Oktoberfest-Landesschießen und Oktoberfest-Armbrust-Landesschießen:
Seit dem 19. Jahrhundert wird mit dem Oktoberfest-Landesschießen im Rahmen des Münchner Oktoberfests ein Preisschießen veranstaltet, das heute für alle Interessierten zugänglich ist und mit Luftdruckwaffen ausgeführt wird. Zugleich wird das Oktoberfest-Armbrust-Landesschießen abgehalten. Zum Abschluss des Oktoberfestes findet das „Abböllern“ statt, der Ehrensalut der Münchner Böllerschützen auf den Stufen unterhalb der Bavaria.

‚Schwedenprozession‘ und Laienfreilichtspiel/‚Heimatspiel‘ „Die Schutzfrau von Münnerstadt“:
Mit der ‚Schwedenprozession‘ und dem Laienfreilichtspiel bzw. ‚Heimatspiel‘ „Die Schutzfrau von Münnerstadt“ wird in Münnerstadt an die glücklich überstandene Belagerung durch schwedische Truppen während des Dreißigjährigen Krieges erinnert. An dem Laienschauspiel beteiligen sich ca. 200 Mitwirkende. Durch ein als Kulisse dienendes Fachwerkhaus ist das Schauspiel im Stadtbild präsent.

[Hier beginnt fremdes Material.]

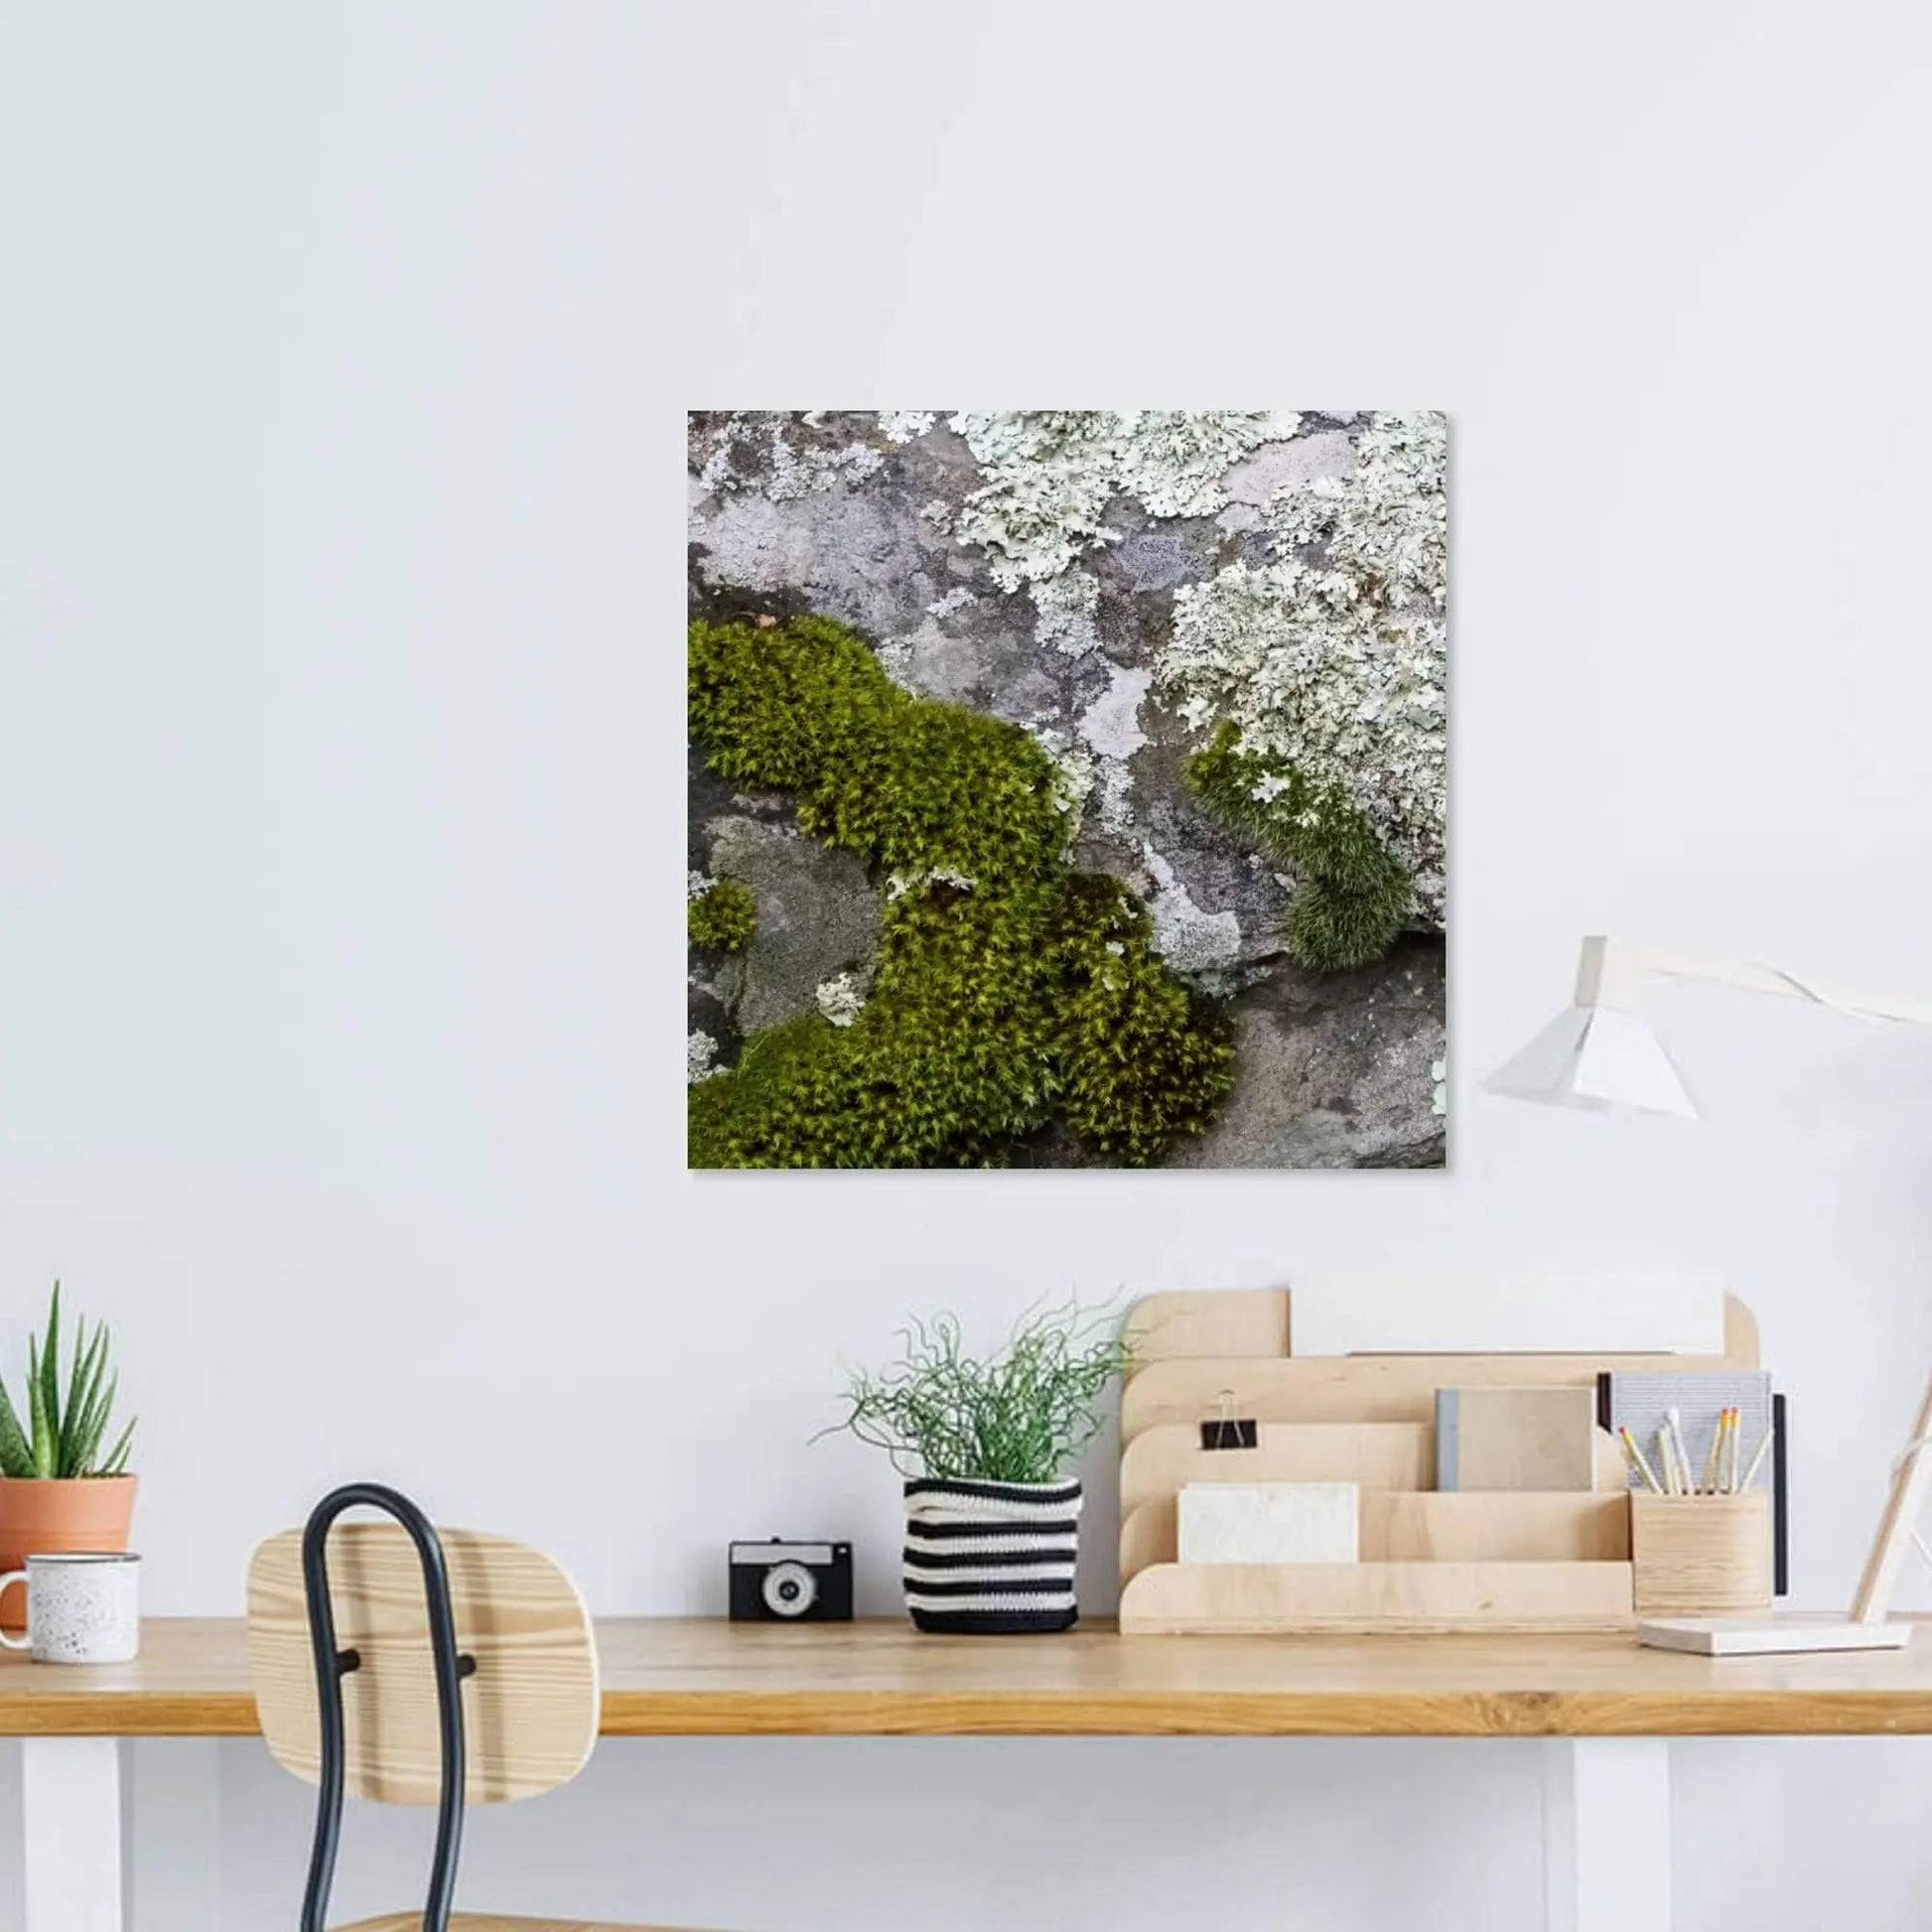 Office wall display of Keystone lichen art
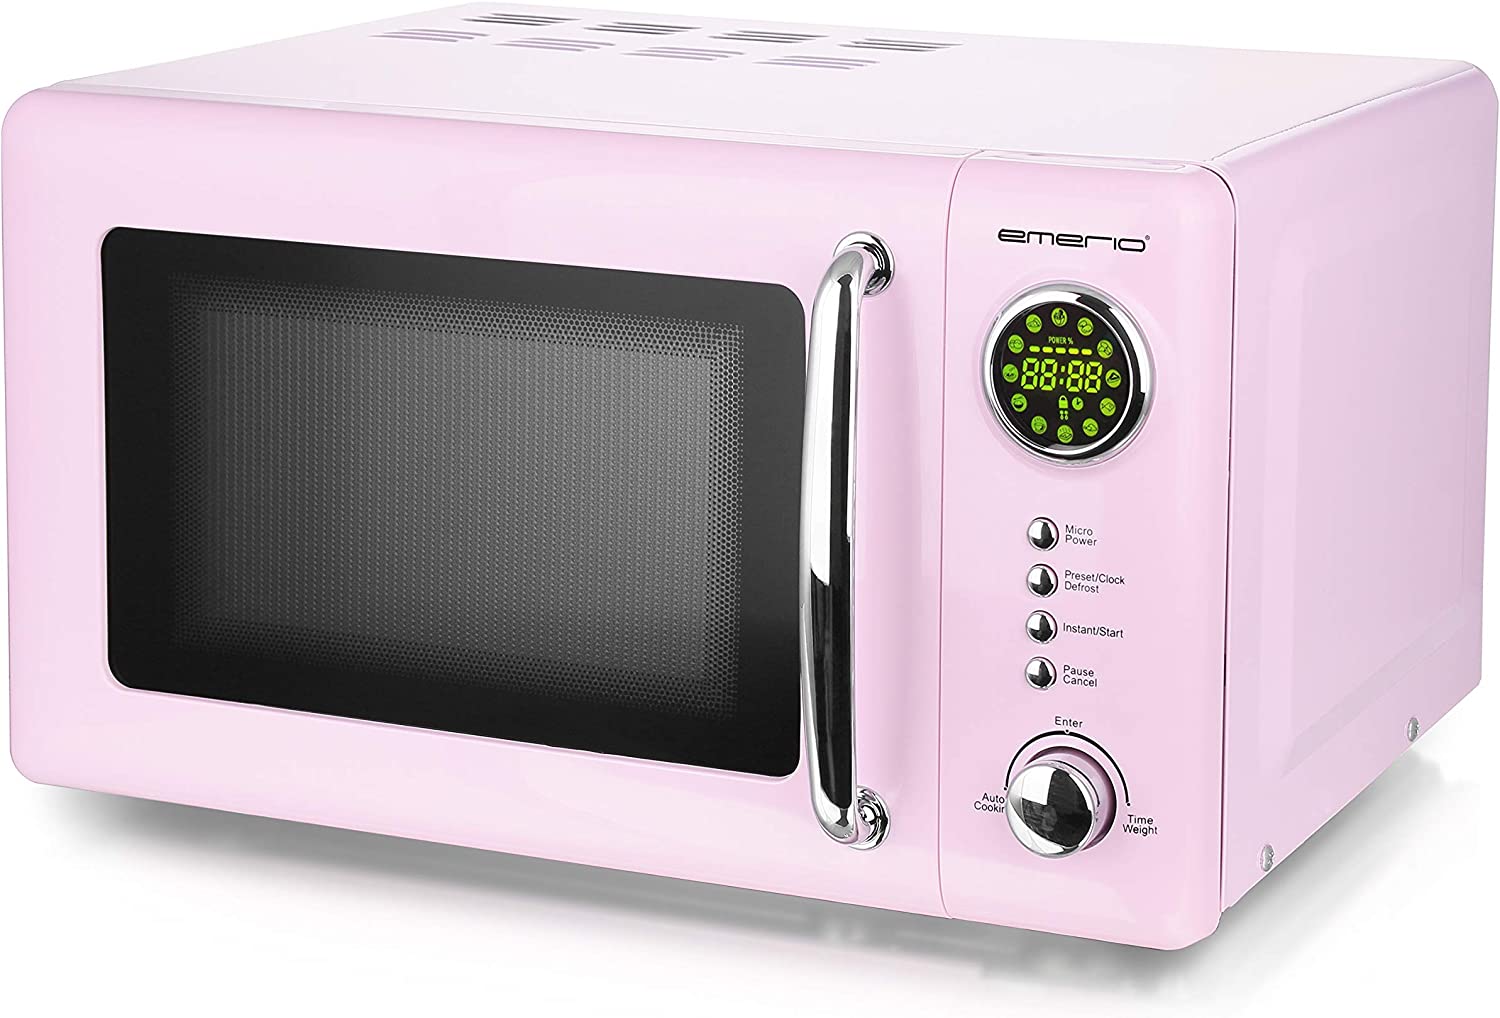 Emerio MW-112141.1 Microwave Oven, 700 watts, 20 Litres, turntable, retro design

Seit 2003 stellt die UNESCO im Rahmen des „Übereinkommens zur Erhaltung des immateriellen Kulturerbes“ kulturelle Ausdrucksformen in den Fokus der Öffentlichkeit. Überall auf der Welt sollen überliefertes Wissen und Können, die einen wesentlichen Bestandteil unserer Alltagskulturen ausmachen, als immaterielles Kulturerbe sichtbar gemacht sowie Maßnahmen unterstützt werden, die zur Erhaltung und Weiterentwicklung geeignet sind. Bis heute sind 180 Staaten dem UNESCO-Übereinkommen zur Erhaltung des Immateriellen Kulturerbes beigetreten. Deutschland ist seit 2013 Vertragsstaat.

Neben dem Bundesweiten Verzeichnis des Immateriellen Kulturerbes gibt es in Bayern ein eigenes Landesverzeichnis. Die nächste Bewerbungsrunde startet voraussichtlich am 1. April 2023.